Why does “Mental Health Reform” default to “Compliance and Control”?Nov 5, 2023
‘Mental Health Reform’ has been a phrase bandied about for over 30 years in Australia. And while well intentioned, hopefully expressing the ‘Care and Concern’ felt by politicians, bureaucrats and health practitioners, it has always ended up defaulting to ‘Compliance and Control.’
As outlined in the previous articles on the Care Economy, we suffer from an all pervasive culture of others knowing best in the system that is dominated by ‘Experts in the Clinical Medical Model of Care.’
The same system that Prof. Ian Hickie described years ago as being impervious to reform, because it is beset by “siloes of self interest,” among all the competing ‘expert disciplines’ that control the inner workings of the Health System. And this is exacerbated by the neoliberal, economic rationalist, competitive nature of all care funding.
Meanwhile, the lived reality for people like me, a carer for three decades of adult children with serious mental health challenges, is that the main people with real hands-on engagement with my loved ones are Police, Railway Inspectors, Security Guards, Shopkeepers and Ambulance Officers. Precious few of whom have been properly trained in Person-valuing, Lived Experience Listening, Trauma Informed Care, Safe Restraint, or Relational Ways of engaging with people with psychosocial disability.

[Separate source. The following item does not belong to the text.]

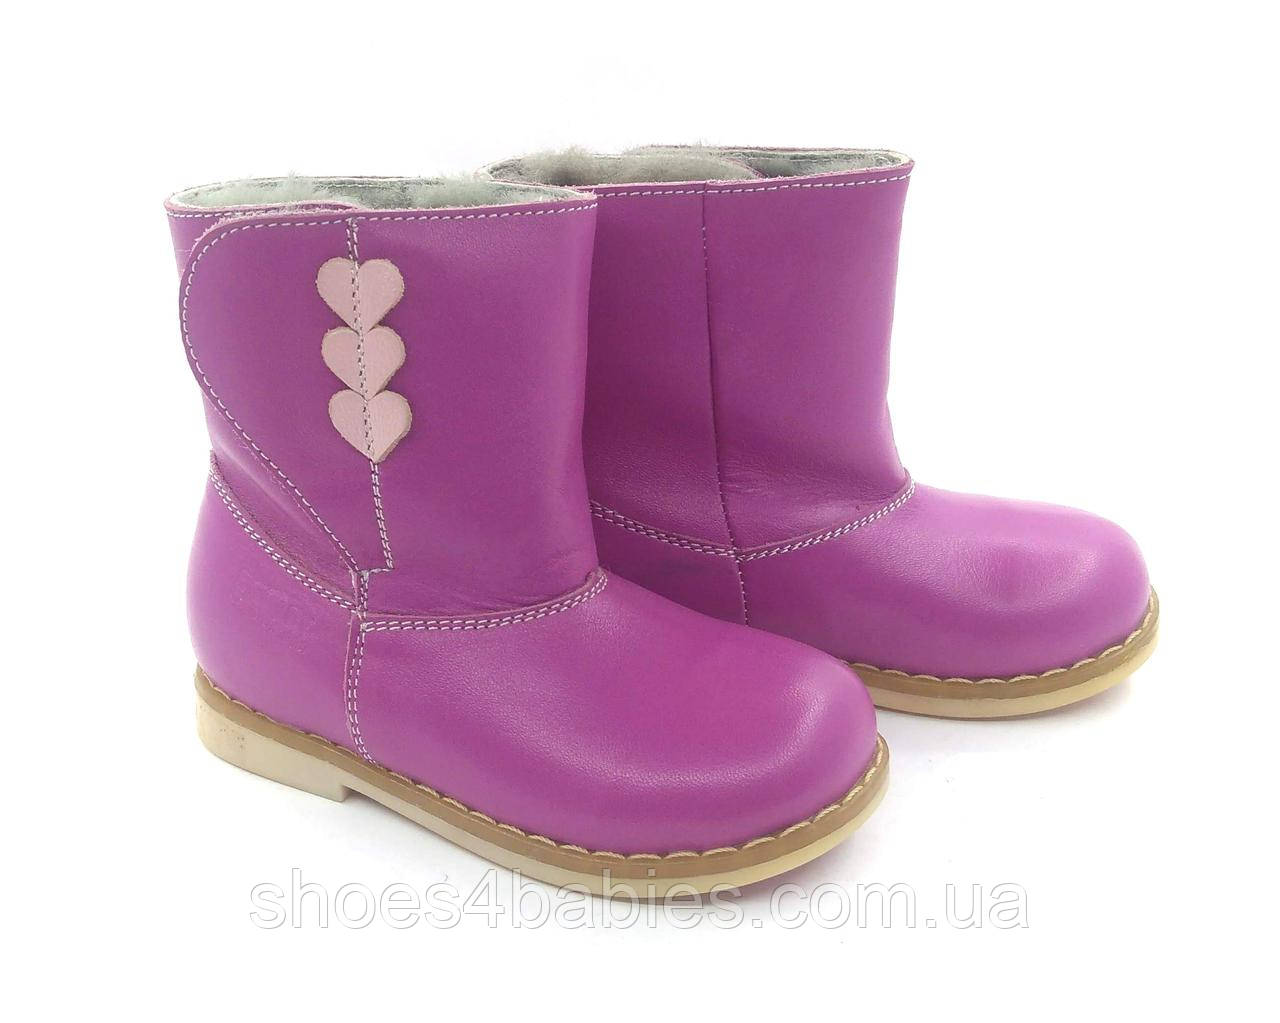 Зимові чобітки ортопедичні Ecoby р. 24 - 16см модель 206F

Community Mental Health is still a vague concept yet to be realised in the majority of Australian towns. And the most common use of the key word in that phrase is in the ‘Community Treatment Orders’ dished out by Mental Health Review Tribunal hearings in hospital wards, to reinforce Compliance and Control. This is said to be to ensure that patients are ‘safe from Being a Risk to themselves or others.’
But it is really a convenient and immediate way to exercise power over vulnerable people.
And the real power agenda is exercised by the ‘professions’ of the clinical medical system, who fight to claim the bulk of all funding to expand their empire, while starving Community Mental Health and Wellbeing programs.
Then, what does trickle down to the local level is atomised care through the National Disability Insurance Scheme. A well intentioned initiative that is yet to be made fit for purpose. All of which misses the point of funding programs for local communities to create places of Welcome and Support for people who are Different and Diverse.
What is chronically missing is a community-wide engagement with acknowledgment that all of us are vulnerable and affected by mental distress at times, and so we need to Share the Care. Not keep deferring to so-called experts, while they turn their backs on what is happening to the people that have been labelled by their expertise, sentencing them to a life of being ‘othered,’ stigmatised and generally shunned.
It’s a problem that the philosopher Arthur Schopenhauer described long ago:
“You may accumulate a vast amount of knowledge but it will be of far less value to you than a much smaller amount if you have not thought it over for yourself; because only through ordering what you know by comparing every truth with every other truth can you take complete possession of your knowledge and get it into your power.” (Schopenhauer, Essays and Aphorisms (Hat tip to Nat Eliason).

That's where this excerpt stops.